List Persistent fmalloc Allocations

Description

Returns the in-file allocation catalog for a persistent fmalloc runtime. The catalog is stored in the backing file and records physical allocation metadata used to validate serialized persistent references.

Usage

list_fmalloc_allocations(runtime = NULL)

Arguments

runtime

Optional runtime handle returned by open_fmalloc(). If not supplied, the default runtime established by init_fmalloc() is used.

Details

For successful recovery, look at the state column:

  • "committed": valid serialized payload exists for that record;

  • "tombstone": the payload has been destroyed and is non-recoverable unless the runtime remains open and referenced directly by an existing SEXP;

  • other transient states are internal and are generally not expected.

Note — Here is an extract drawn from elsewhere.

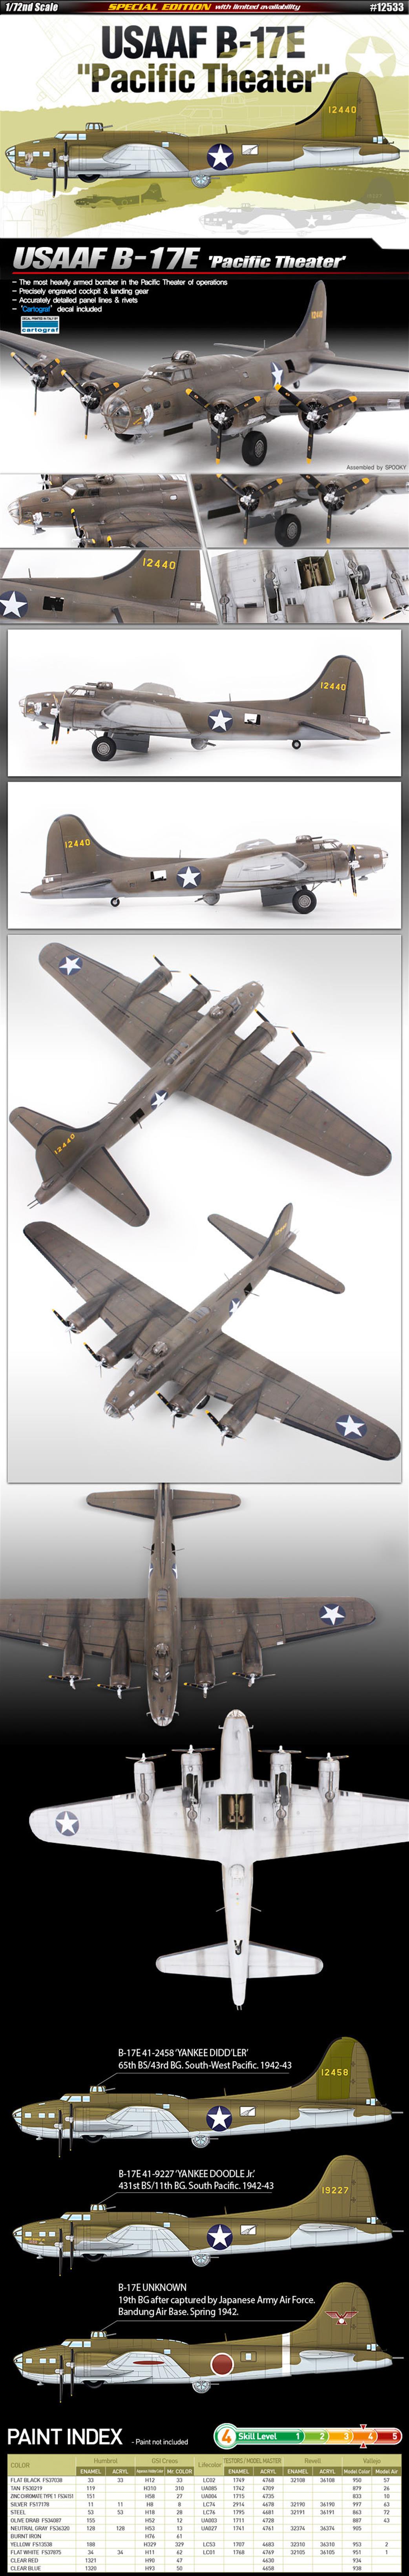 Academy 1/72 12533 USAAF B-17E WW2 American Pacific Theater Bomber Kit

recoverable indicates whether the record can be reopened via serialized reference metadata. payload_offset == 0 or payload_nbytes == 0 generally indicates a non-payload entry.

Value

A data frame with one row per catalog record and columns describing the catalog record offset, generation, state, vector type, length, payload offset, payload byte size, flags, and whether the record is recoverable by reference serialization.

Examples

## Not run: 
rt <- open_fmalloc(tempfile(fileext = ".bin"))
v <- create_fmalloc_vector("integer", 10, runtime = rt)
list_fmalloc_allocations(rt)
cleanup_fmalloc(rt)

## End(Not run)

Open an fmalloc Runtime

Description

Opens a file-backed fmalloc runtime and returns an external-pointer handle. Multiple handles to the same path share a single in-process runtime while the underlying file-backed runtime remains open. Runtime mode controls whether vector payloads are durable persistent allocations or scratch allocations that can be returned to fmalloc when their ALTREP handles are garbage-collected.

Usage

open_fmalloc(filepath, size_gb = NULL, mode = c("persistent", "scratch"))

Arguments

filepath

Character string specifying the file path for fmalloc data.

size_gb

Numeric value specifying the size of the backing file in GB (optional). If not specified, uses the package default size for new files or the existing file size.

mode

Runtime mode. "persistent" keeps committed vector payloads in the backing file and serializes fixed-width atomic vectors by reference. "scratch" uses the backing file as a large temporary allocation arena and serializes vectors by value.

Value

An external pointer of class fmalloc_runtime.